We have here more than the mere survival of a loss corporation, but less than a reorganization of corporations owned substantially by the same persons *665 in the same proportions. The common owners of both enterprises, unless the loss corporation was de facto dissolved and legally non-existent, as argued by the government, transferred their profitable business to their own loss corporation, without any change in ownership (§ 382 (a) (1)), and the loss corporation itself thereafter conducted the profitable business enterprise of the former partnership. While there were separate business enterprises and distinct legal entities, tax-wise the economically responsible individuals were identical. The failure to carry on substantially the same trade or business of the loss corporation (woodworking), or to reactivate it before the transfer here in question, might well defeat the loss carryover under the Libson Shops doctrine, without regard to the element of unchanged ownership under the 1939 Code. However, Congress has imposed two elements in the 1954 Code to disallow the net operating loss: a) change in ownership of more than 50 percentage points and b) failure to carry on substantially the same trade or business.[14] Therefore, it is concluded as a matter of law that Libson Shops does not control the present case, rather, it turns on the key legislative conditions of Section 382 of the 1954 Code. Maxwell Hardware Company, supra; Southland Corporation, supra. This is not to say that it is the opinion of this Court, that the rationale of Libson Shops has been legislatively superseded for all purposes. Such a sweeping declaration is not the province of a trial court seeking to reach a determination upon a particular set of facts and on a dispositive specific issue generated thereby. In enacting Section 382(a) (1) (A), (B), (C) of the 1954 Code, we must assume that Congress purposefully used the conjunctive rather than the disjunctive when it required the percentile points of ownership change and the change in business enterprise, thus foreclosing a ruling based upon the latter change alone.

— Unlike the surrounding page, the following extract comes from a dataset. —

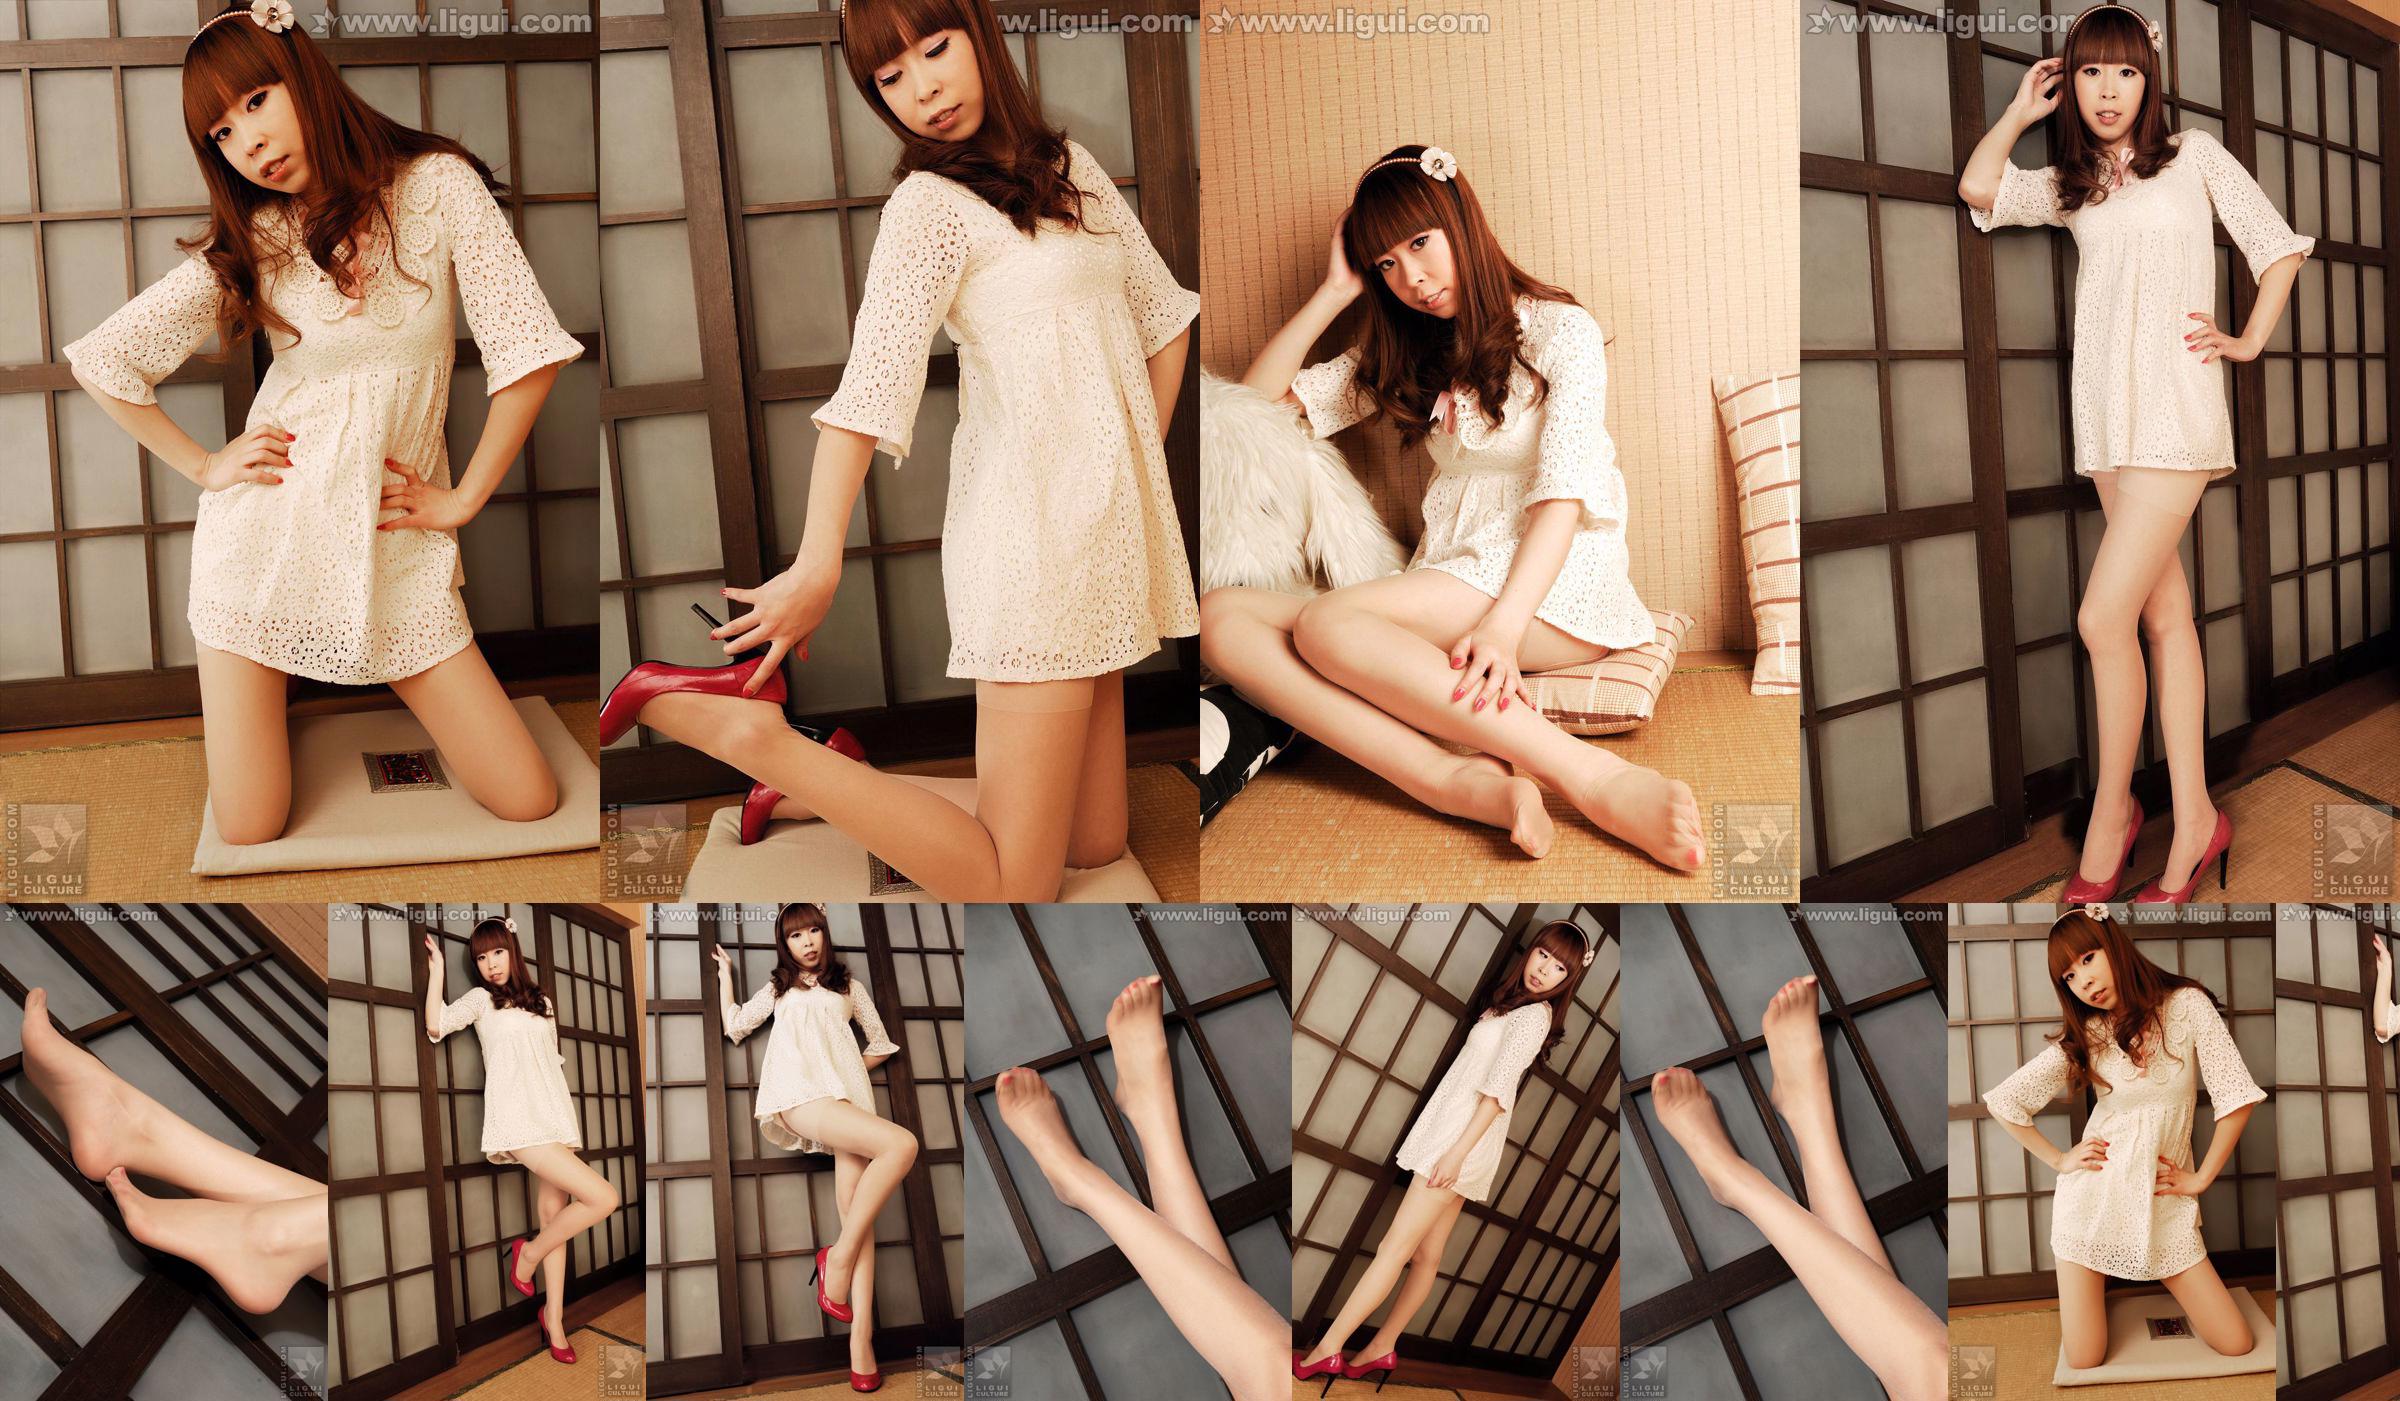 Modelo Vikcy "La tentación del estilo japonés" [丽 柜 LiGui] Fotos de piernas hermosas y pie de jade No.e94c29 Página 1

Most, if not all, of the reported cases bearing upon carryover privileges for losses and profits have been cited and discussed in the respective briefs of counsel.[15] None of these cases squarely simulate the present facts. The nearest, perhaps, is that of Alprosa Watch, 11 T.C. 240 (1948), a case which has received much criticism from those who have followed the subsequent maze of metaphysical distinctions employed in tax cases. The present case appears to fit snugly into the issue reserved in Libson Shops in footnote 9, 353 U.S. at page 390, 77 S. Ct. at page 994,[16] and by the Court of Appeals for this Circuit in Frank IX & Sons Virginia Corporation, supra. Certain of the outstanding decisions on net operating loss problems are reviewed in the excellent opinion of Judge Coolahan, of this District Court, in Commercial Industries Corp. v. United States, 268 F. *666 Supp. 52, decided April 14, 1967. Reiteration here would serve no useful purpose. However, as stated therein, p. 58:

 
"The varied situations presented in the decisions following Libson Shops have included many kinds of corporate changes: some involved discontinuity in the identity of the taxpayer; some a discontinuity in the line of endeavor; some a change of beneficial ownership; and some the juxtaposition of one business unit's losses against the profits of another. More often than not, they have involved a combination of more than one type of discontinuity.
 
"Nevertheless, I have concluded that in each instance it was some basic change in the structure of the loss corporation as an identifiable business unit, either through formal reorganization or through interaction with other corporations, which precipitated the Commissioner's scrutiny. In those cases where the carryover or carryback ultimately was denied, the Libson test of business enterprise continuity was applied primarily because the profits and the losses were earned by sufficiently different business units, and it was only the merger or reorganization which created an opportunity for their set-off."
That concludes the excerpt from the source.